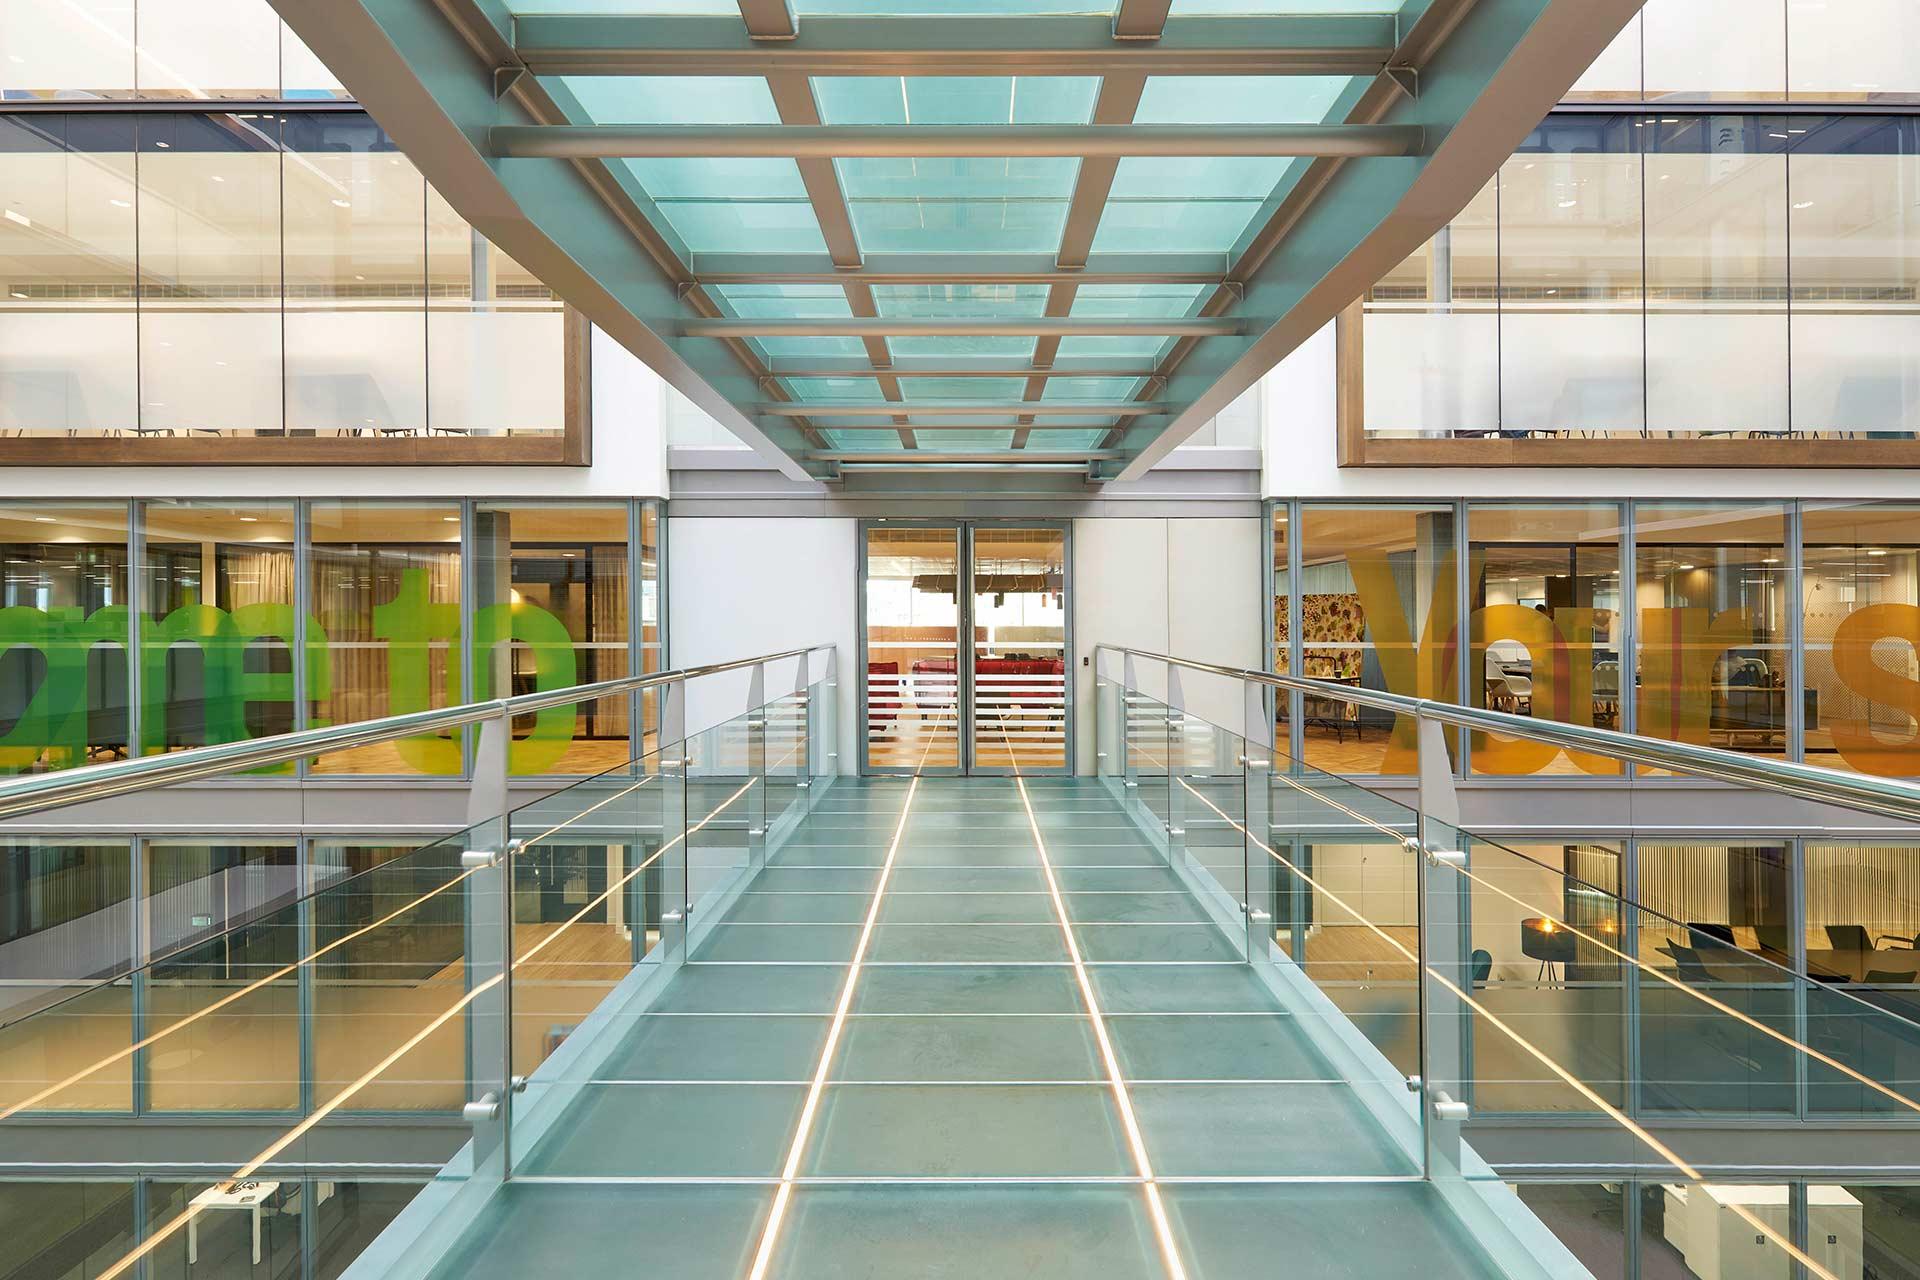 Kilburn & Strode LLP | Lacon House
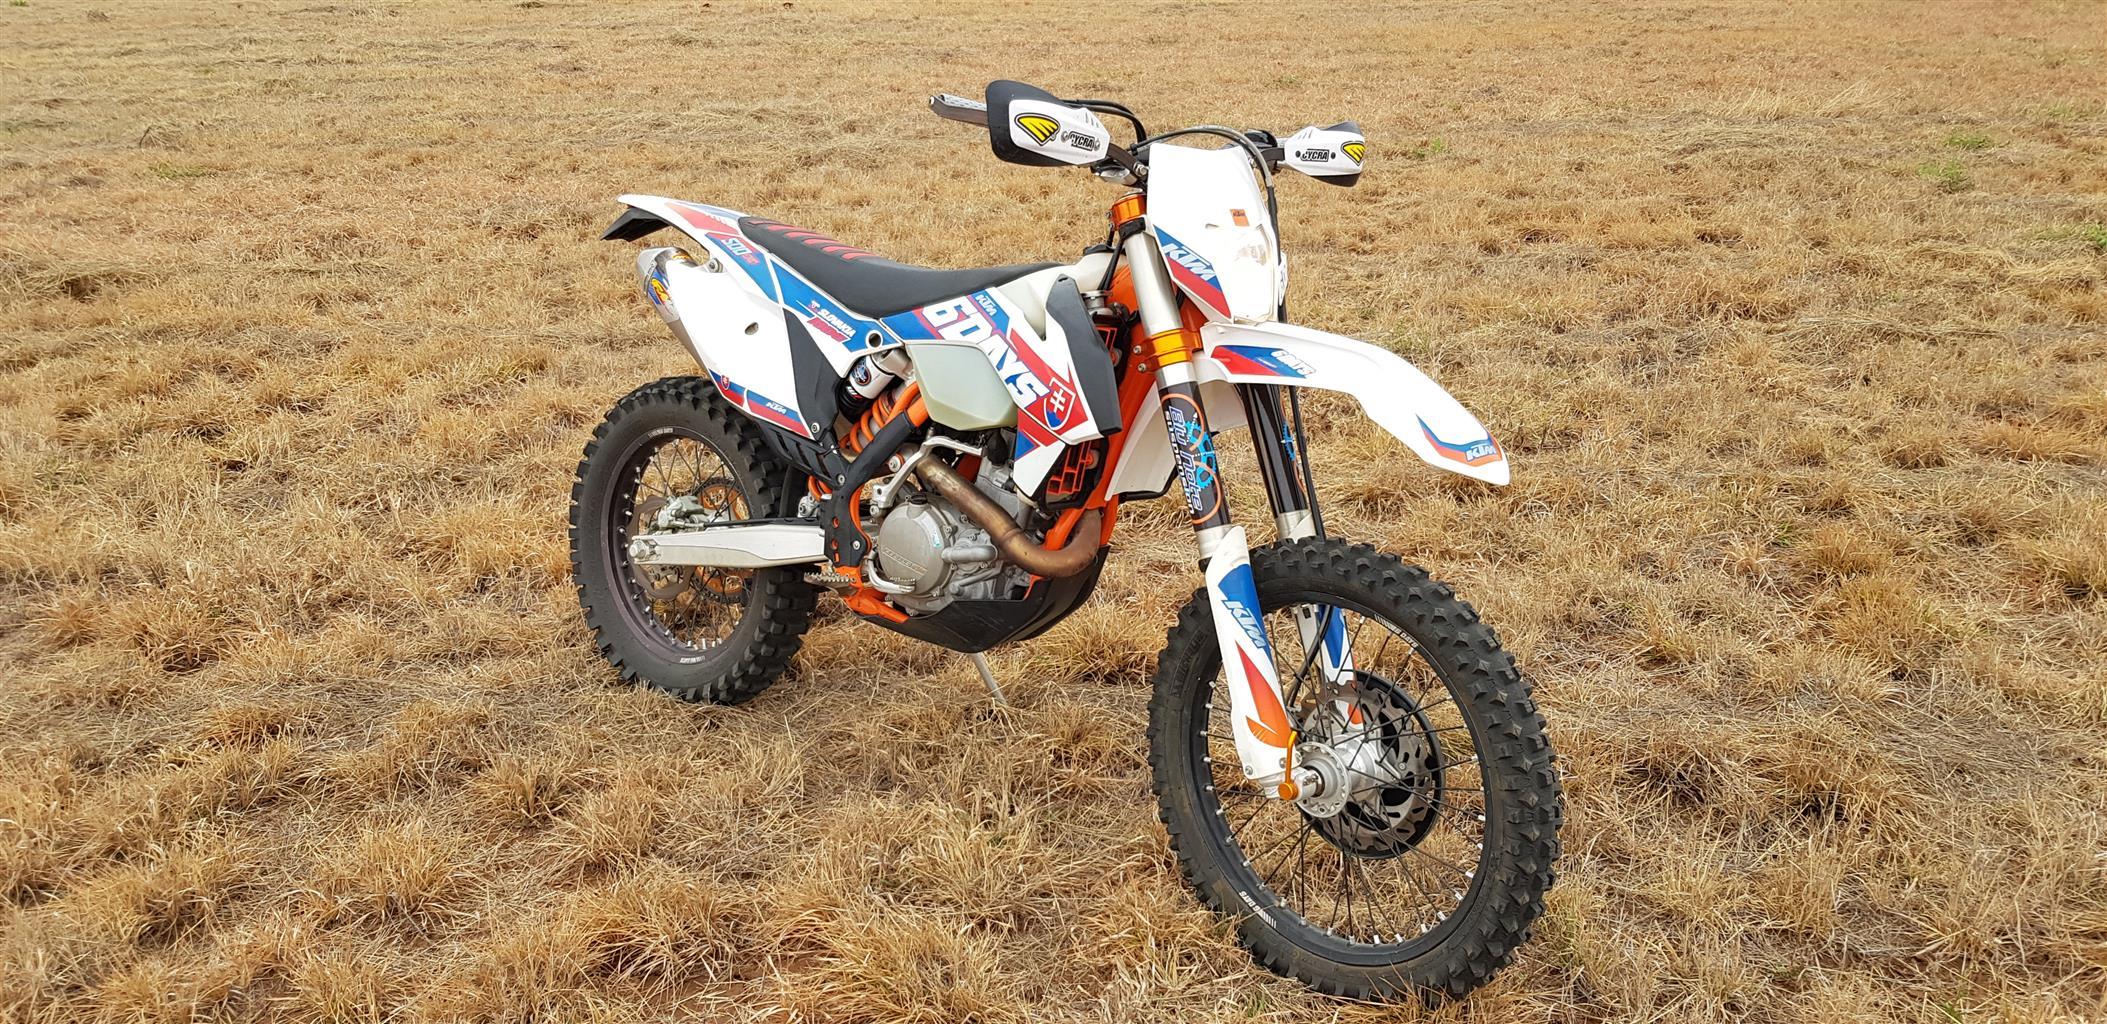 2016 KTM 450
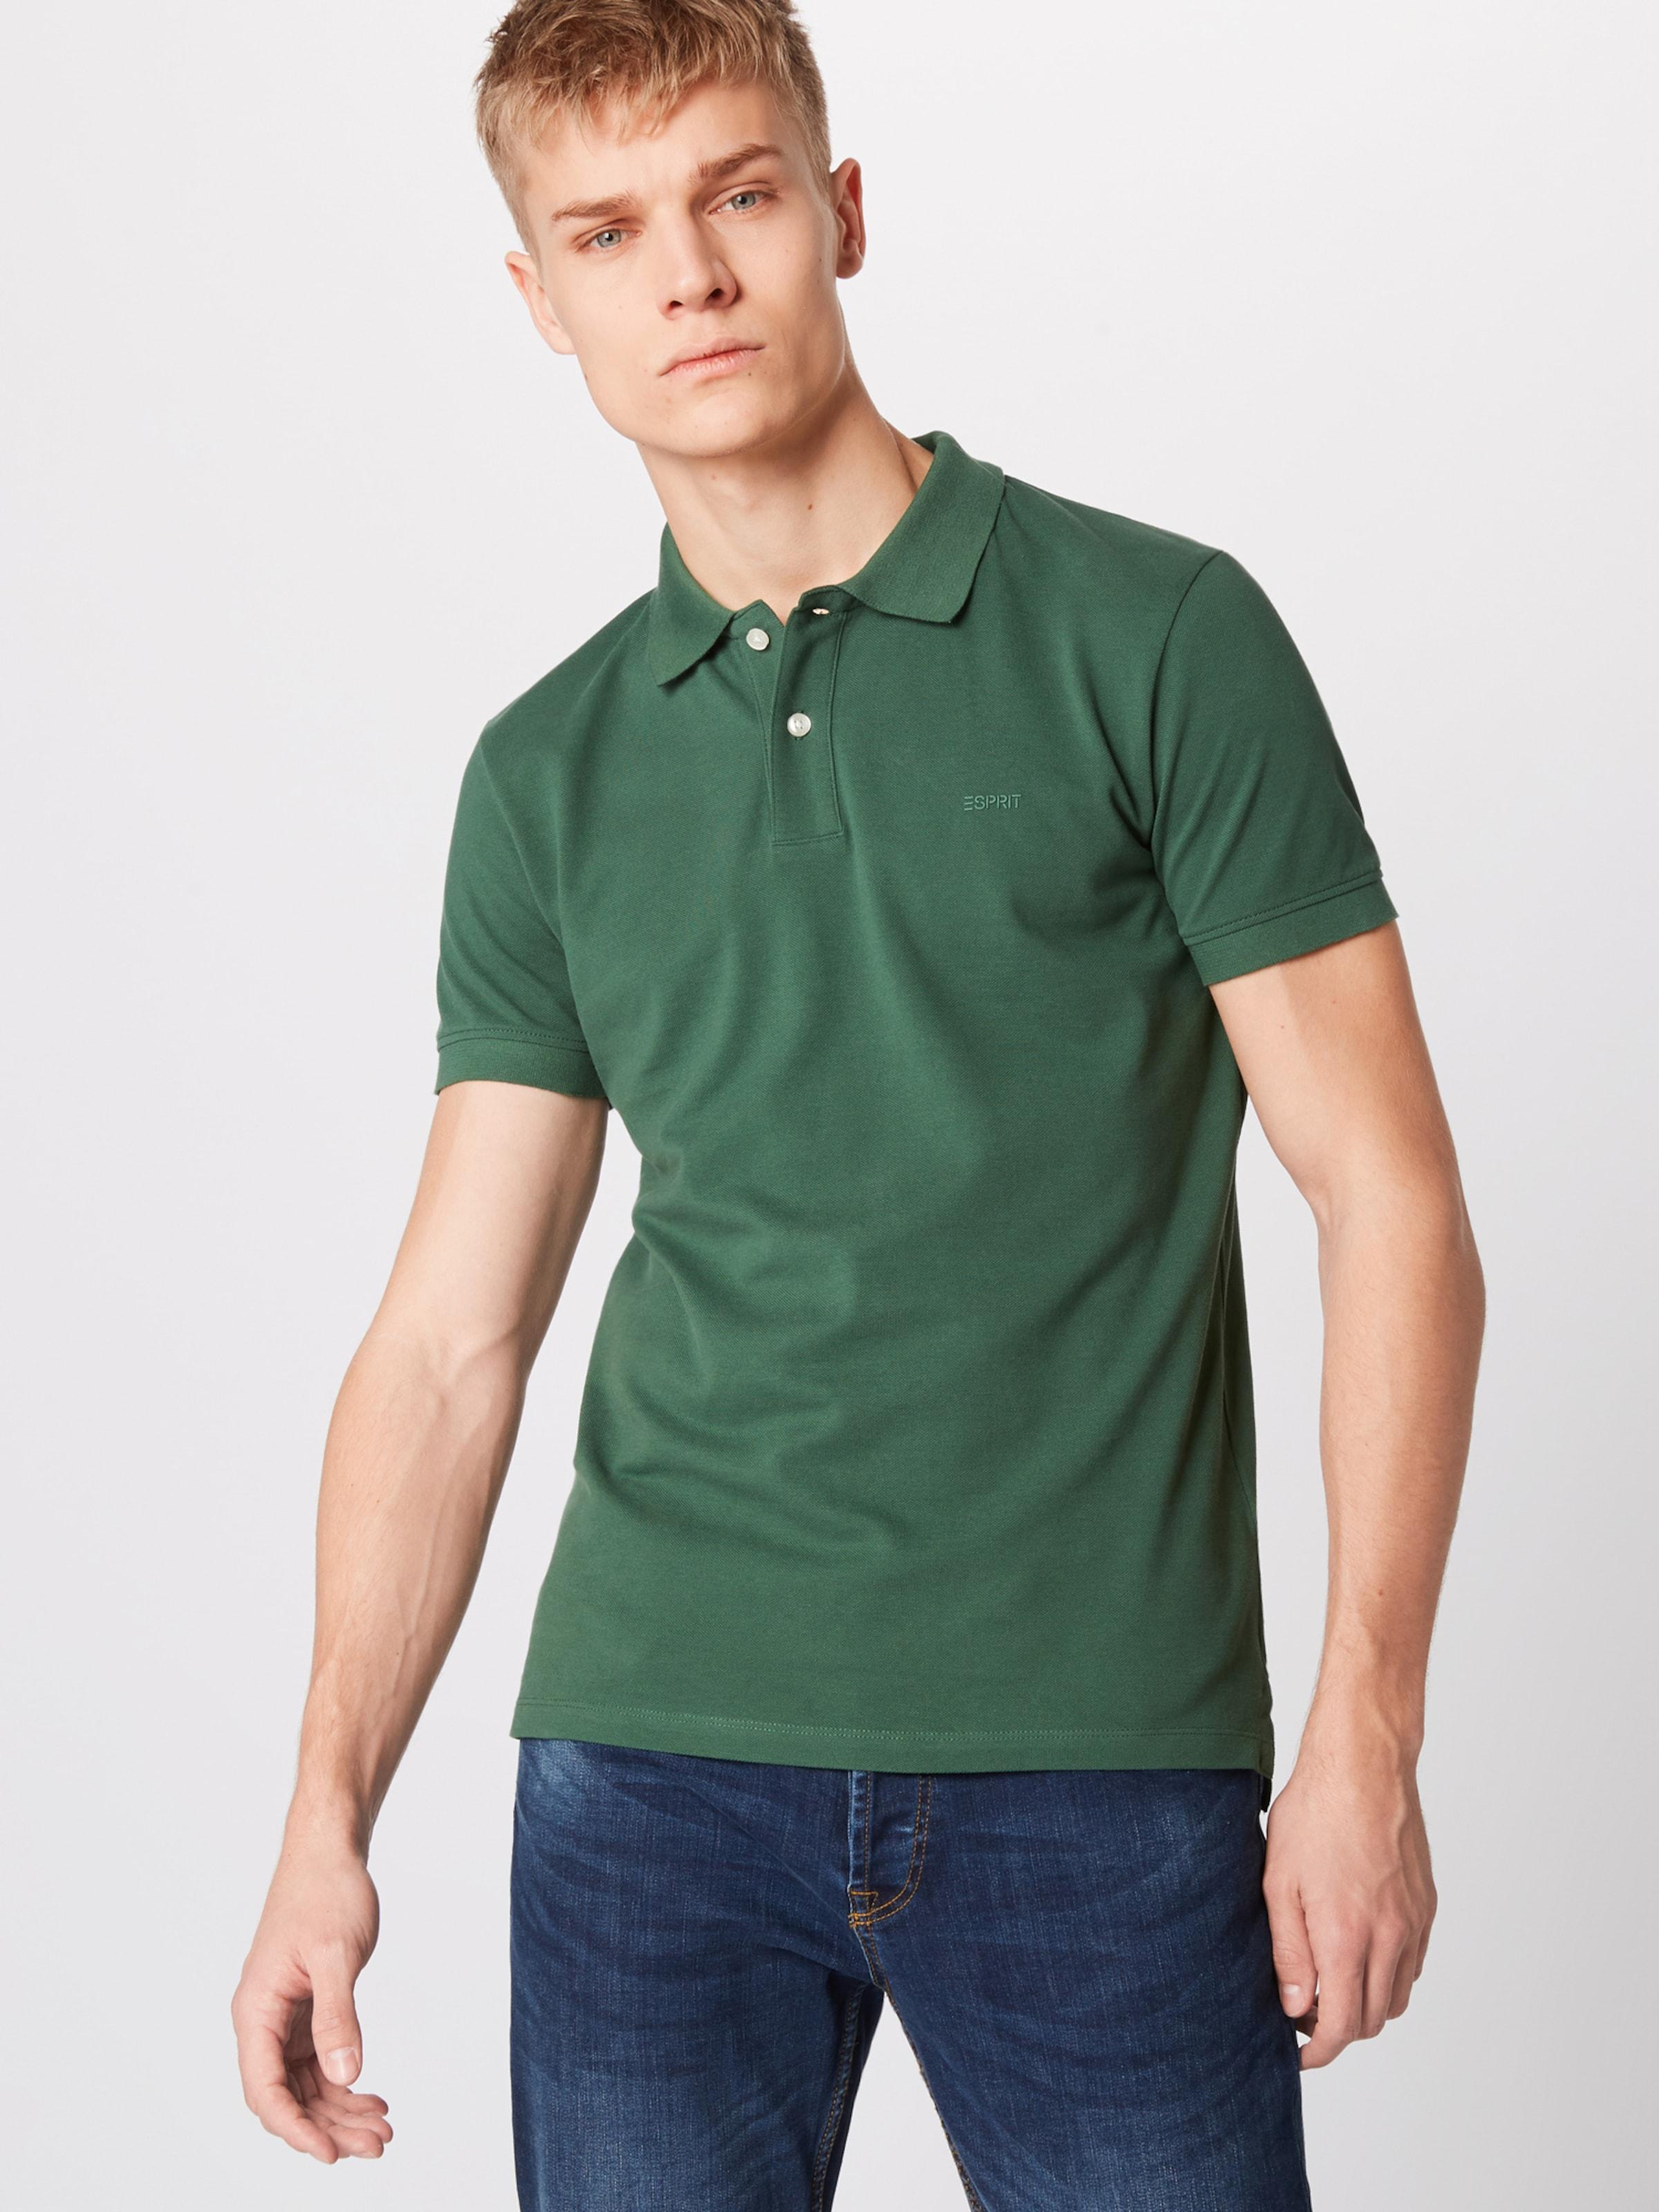 T shirt Esprit shirt En Vert T Esprit uTZOPkXi

__WHAT TO WORK ON__
Retype all of the listing above exactly, but keep its pictures out.

__EXERCISE SOLUTION__
 Kilburn & Strode LLP | Lacon House
 2016 KTM 450
 T shirt Esprit shirt En Vert T Esprit uTZOPkXi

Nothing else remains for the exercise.